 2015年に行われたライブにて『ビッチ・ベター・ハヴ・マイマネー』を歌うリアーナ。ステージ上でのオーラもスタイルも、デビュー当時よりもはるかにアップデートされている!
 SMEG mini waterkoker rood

________________________

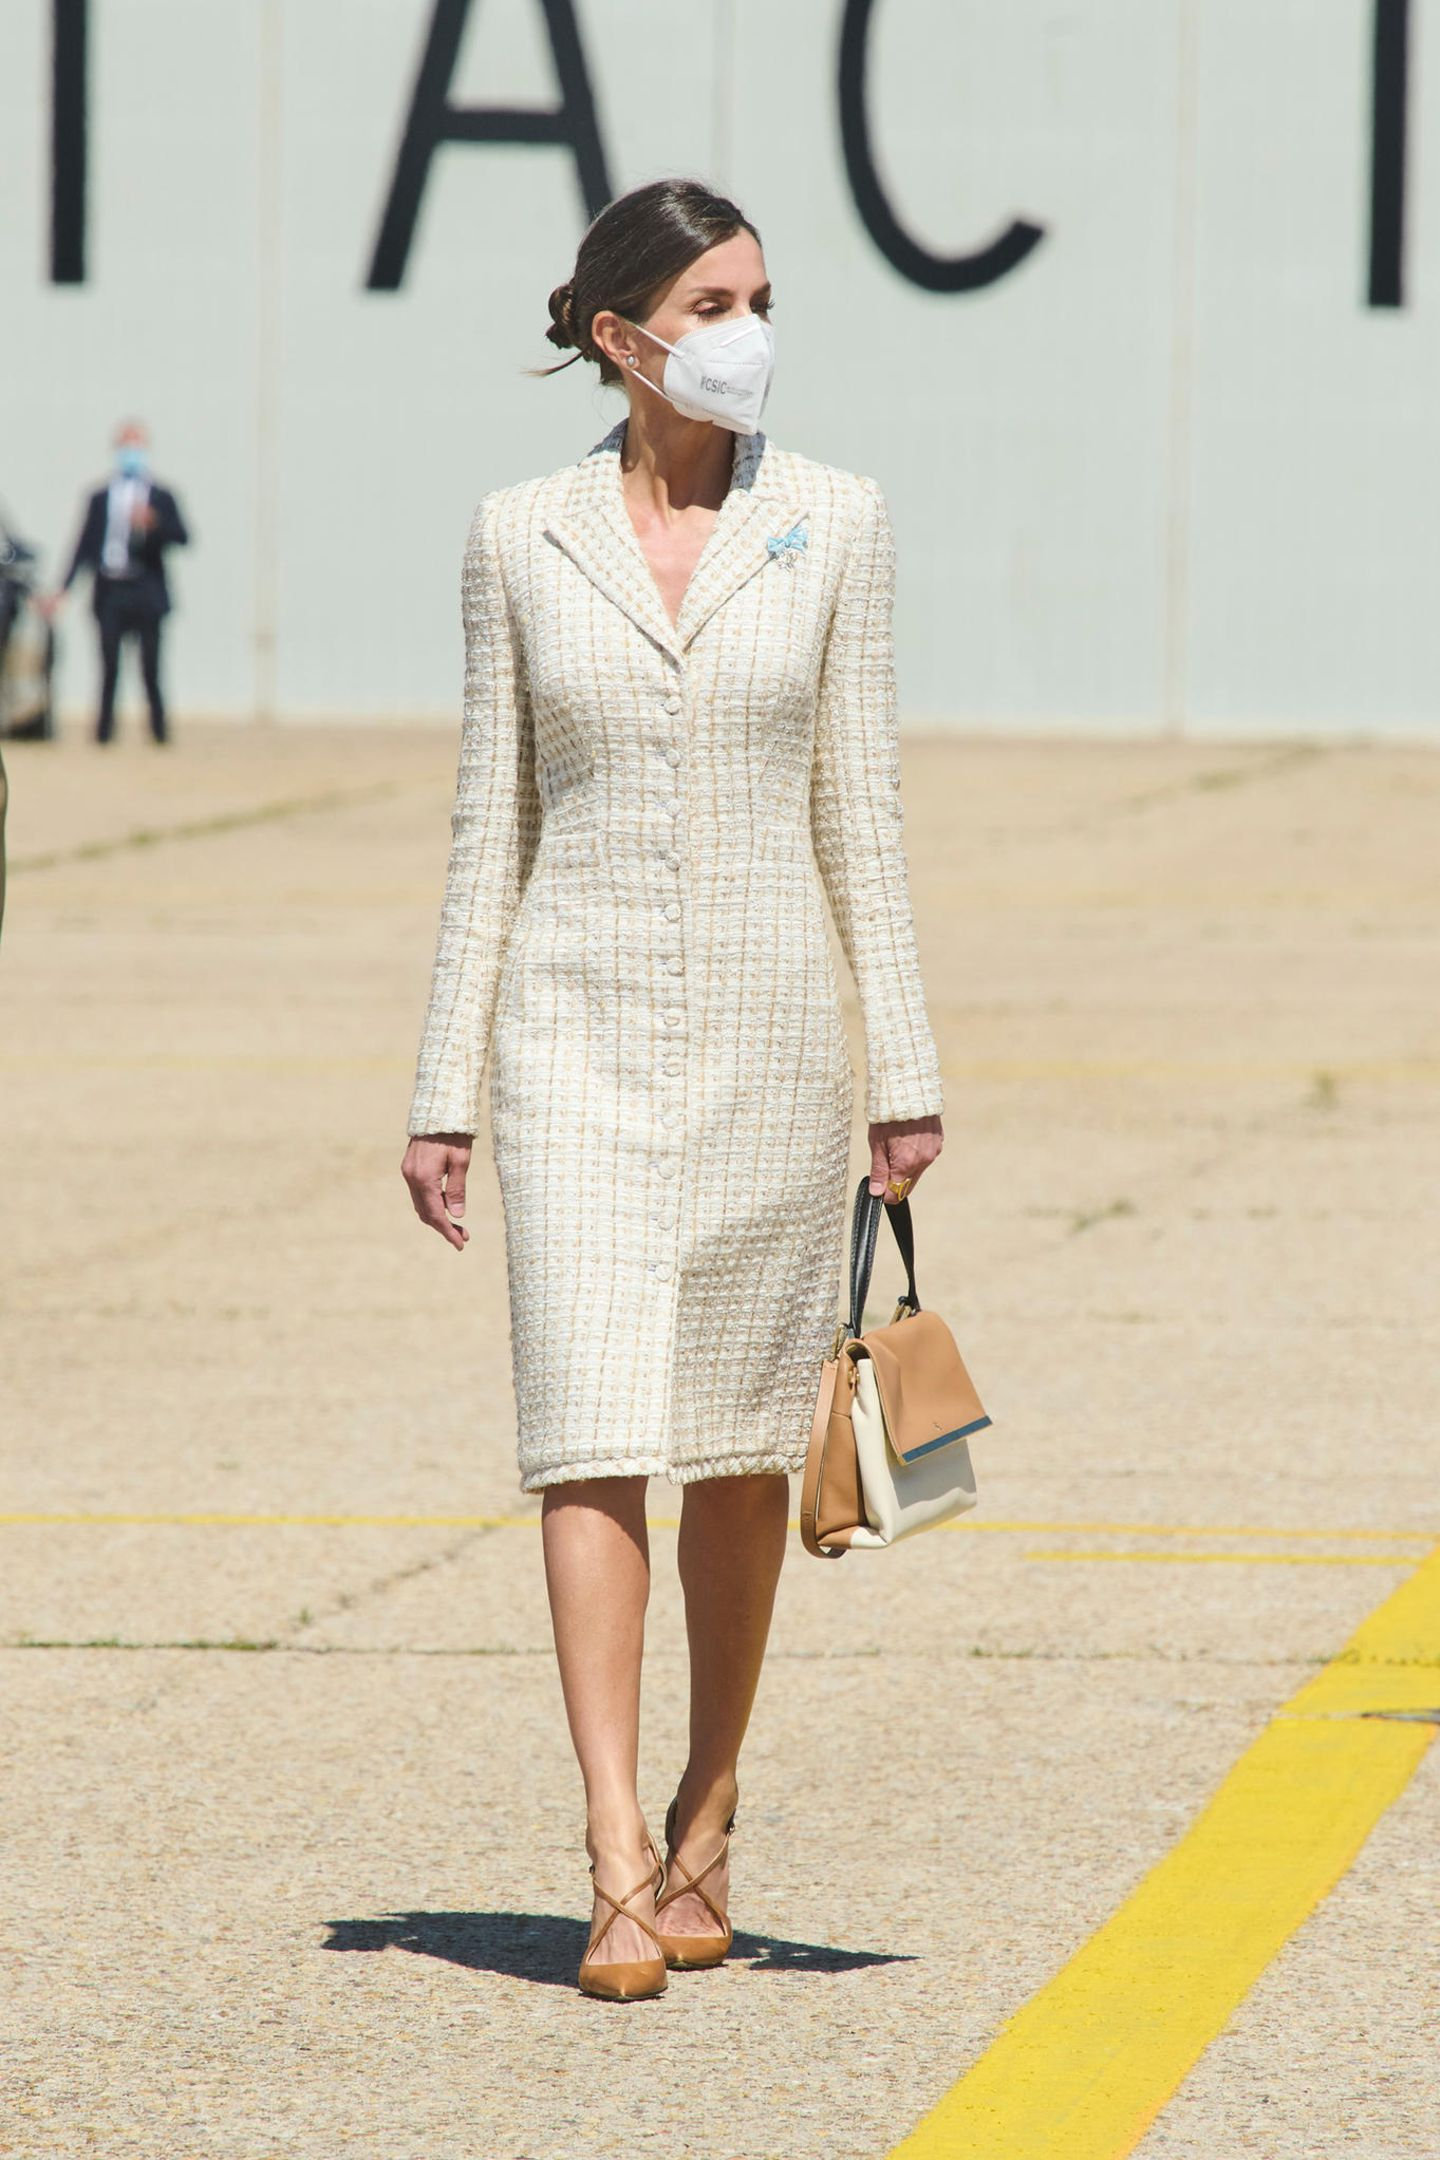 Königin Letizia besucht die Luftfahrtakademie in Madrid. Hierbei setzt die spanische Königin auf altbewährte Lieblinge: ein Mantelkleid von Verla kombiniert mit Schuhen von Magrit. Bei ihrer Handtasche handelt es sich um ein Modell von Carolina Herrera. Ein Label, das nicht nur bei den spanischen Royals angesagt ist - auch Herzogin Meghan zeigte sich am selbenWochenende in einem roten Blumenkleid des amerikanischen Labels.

________________________

▶ Problem statement: Output should match, line for line, the stretch of the material above from the line holding "2015年に行われたライブに" through the line holding "SMEG mini waterkoker rood".

▶ Your solution:
 2015年に行われたライブにて『ビッチ・ベター・ハヴ・マイマネー』を歌うリアーナ。ステージ上でのオーラもスタイルも、デビュー当時よりもはるかにアップデートされている!
 SMEG mini waterkoker rood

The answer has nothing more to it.